Papá dijo: podrías ser marinero

Aníbal Santiago · 26 abril, 2017

¿Qué pasaría si a tu hijo le sugieres que no estudie una carrera universitaria?

papa con su hijo marinero

Austero, sí, pero el viejo vochito era un atleta de alto rendimiento. Aunque nacido en días lejanos, antes del terremoto del 19 de septiembre y de la crisis de 1982 que dio al pueblo una patada mortífera con una devaluación sideral, su motor y su carrocería no tenían límites: había surcado insospechados caminos mexicanos. Era un leal viejo todo terreno.

Por eso, papá le propuso a su hijo adolescente abandonar nuestros confines–la convergencia de Copilco, Avenida Universidad  e Insurgentes- y explorar en vacaciones una nueva región del país. “Invita a Pablito”, me dijo, y mi mejor amigo de la Secundaria aceptó.

Pablo y yo, valerosos waterpolistas de los Pumas de la UNAM,  y papá, nadador en su niñez de las agitadas aguas patagónicas del Río Colorado, como en un grito de mosqueteros acuáticos coincidimos: ¡vayamos al mar!

Nada de Acapulco con sus masas chilangas como hormiguitas tóxicas; ni Cancún, que ya era una suntuosa colonia gringa; ni las playas oaxaqueñas cuyos caminos eran en los ‘80 una calamidad de fango y piedras. ¿Entonces? Veracruz, fue el acuerdo. Conquistaríamos las playas de ese estado tropical olvidadas por los habitantes de la Ciudad de México.

Entró la llave, sonó el distribuidor, giró la banda del generador y emprendimos la ruta. Cruzamos la fresca Puebla hasta sumergirnos en los primeros vapores del Golfo.

Con los mapas en nuestras manos, el VW Sedán empezó a recorrer las playas ansiadas. Una y otra y otra, donde el paisaje era uno sólo: arena negra cubierta de botes de Clarasol, cubetas, encendedores, redes, caguamas, bolsas, boyas, harapos. Especies cadavéricas de entre las que el pez pañal era el rey y que descubríamos desolados, decepcionados, arruinados.
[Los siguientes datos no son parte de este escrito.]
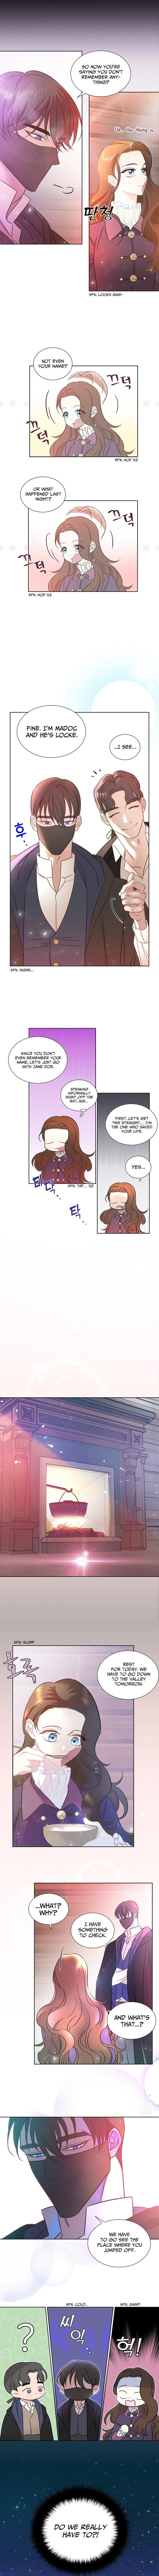 Manga The Princess' Spaceship - Chapter 4 Page 1
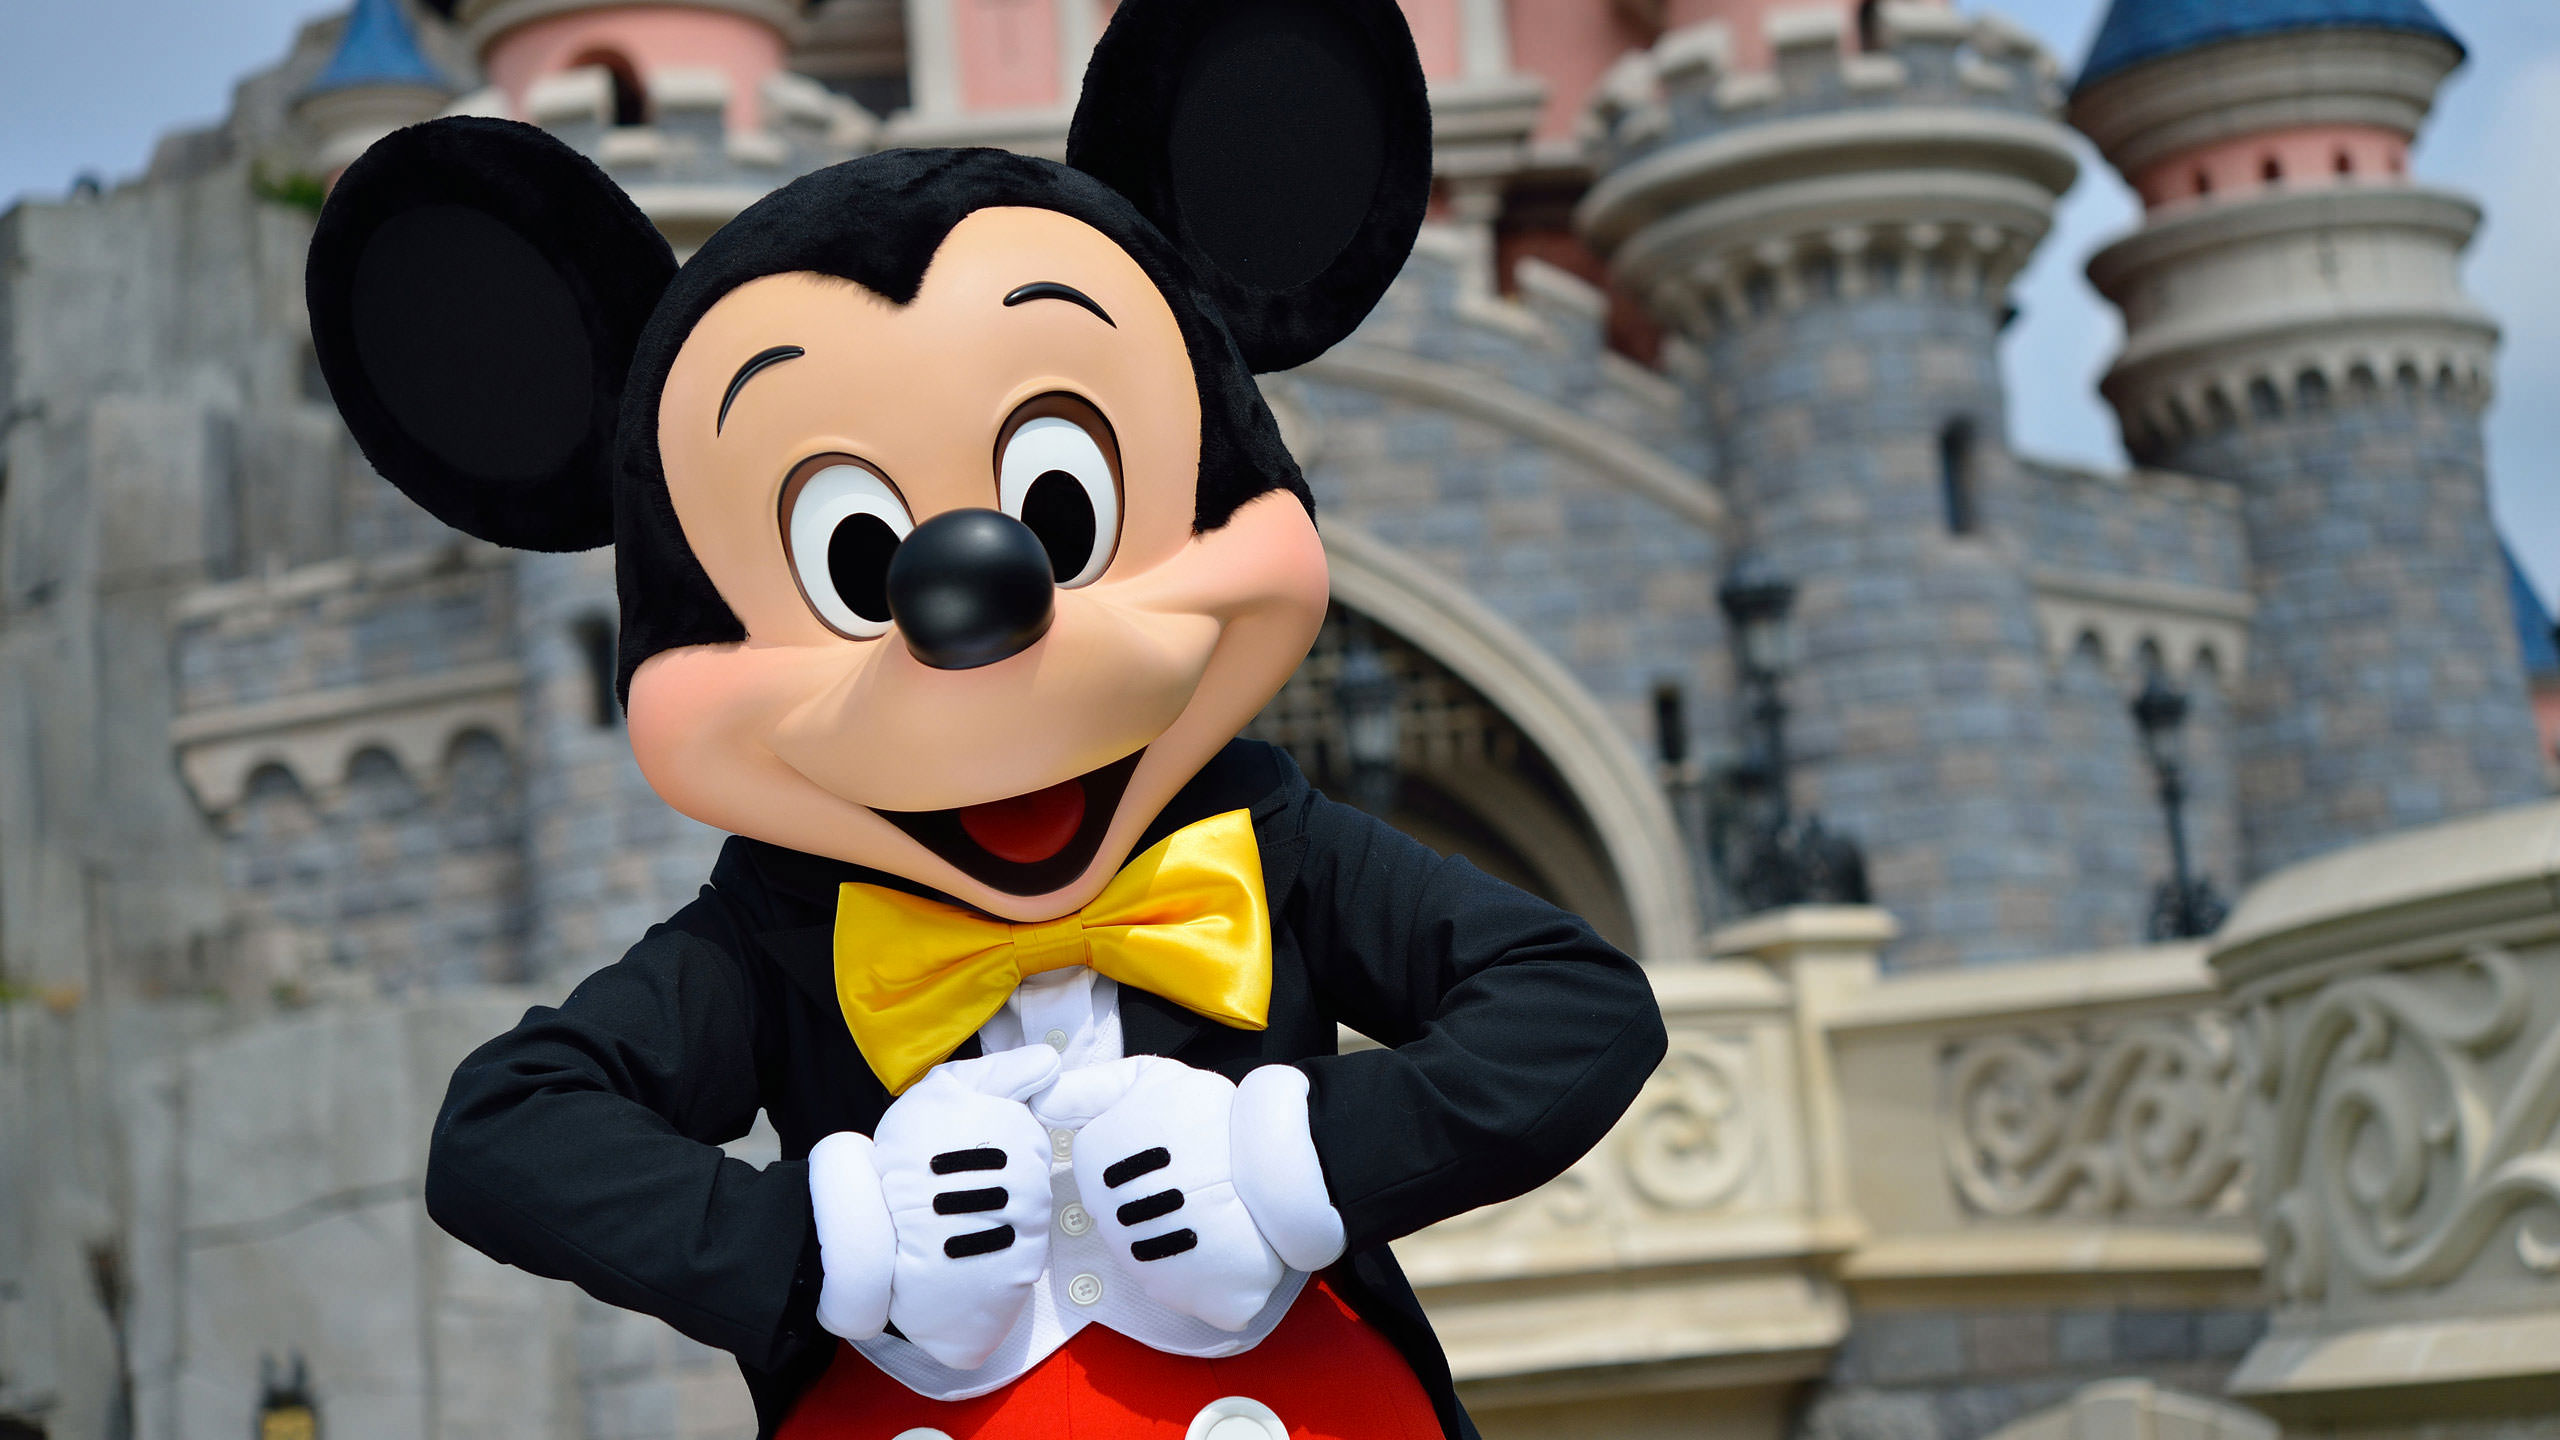 Joyeux Anniversaire Mickey A Disneyland Paris Hello Disneyland

Toda nuestra ansia exploradora, esa mezcla briosa de Jacques Cousteau e Indiana Jones que nos había impulsado, desfallecía cuando tristes armábamos la casa de campaña intentando escapar de las montañas de desperdicios.

En alguno de esos amaneceres, resignadosPablo y yo abandonamos nuestras bolsas de dormir y salimos a conversar al borde de una playa contaminada. Porque cuando el entorno ensordece sólo queda la imaginación y el diálogo, hablábamos y hablábamos, y esa mañana lo hicimos sobre lo que seríamos de grandes. Es decir, en cuatro o cinco años en que saldríamos de la Secundaria, el momento en que deberíamos, obligatoriamente, elegir una carrera de cuatro años, para terminarla y hacer una maestría de dos años, para concluirla y hacer un doctorado de dos años, para concluirlo y hacer un postdoctorado de otros dos años.

Hermosa vida, como programada por un grupo de omnipotentes burócratas en una oficina en penumbras y entre miles de folios, para que nosotros, los jóvenes mexicanos, cumpliéramos sin falta el deber ser. Esa mañana yo debí decirle a mi amigo que quería ser sociólogo o geólogo. Pablo, creo, psicólogo o historiador.

Papá, que desde la casa de campaña había oído en silencio nuestra charla, salió y se sentó a nuestro lado. Siguió atento nuestros sensatos, circunspectos y decorosos planes de vida, tan estructurados ya a nuestros 13 años. De pronto, abandonó el mate argentino que sorbía con sabia calma, y nos interrumpió.

-¿Y si no estudian?

-¿Cómo?

-Sí, ¿qué pasaría si no estudian? Podrían elegir una vida diferente y no estudiar. O estudiar de otros modos.

-¿De otros modos?

-Sí, viajando, se me ocurre. Podrían explorar el mundo, conocer por años muchos lugares y personajes fantásticos, encontrar oficios que les permitan vivir en lugares increíbles sin estar anclados a un sitio. Ser marineros, por ejemplo. ¿No sería más emocionante?

No recuerdo qué le dijimos. O atónitos, quizá no le contestamos nada a ese adulto, mi propio padre, que nos sugería aventurarnos en la vida a lo inaudito, olvidarnos de las reglas que la humanidad asumía como forzosas, como una predestinación que los dioses mandaban y acaso ser marineros en océanos sin botes de Clarasol.

Yo no le hice caso a mi padre: mi primer escala fue la licenciatura.

Con Pablito fue distinto. Años después se volvió el payaso del circo internacional Eloize.

Con su nariz roja, entre malabaristas, magos y acróbatas, comenzó su largo viaje por el mundo.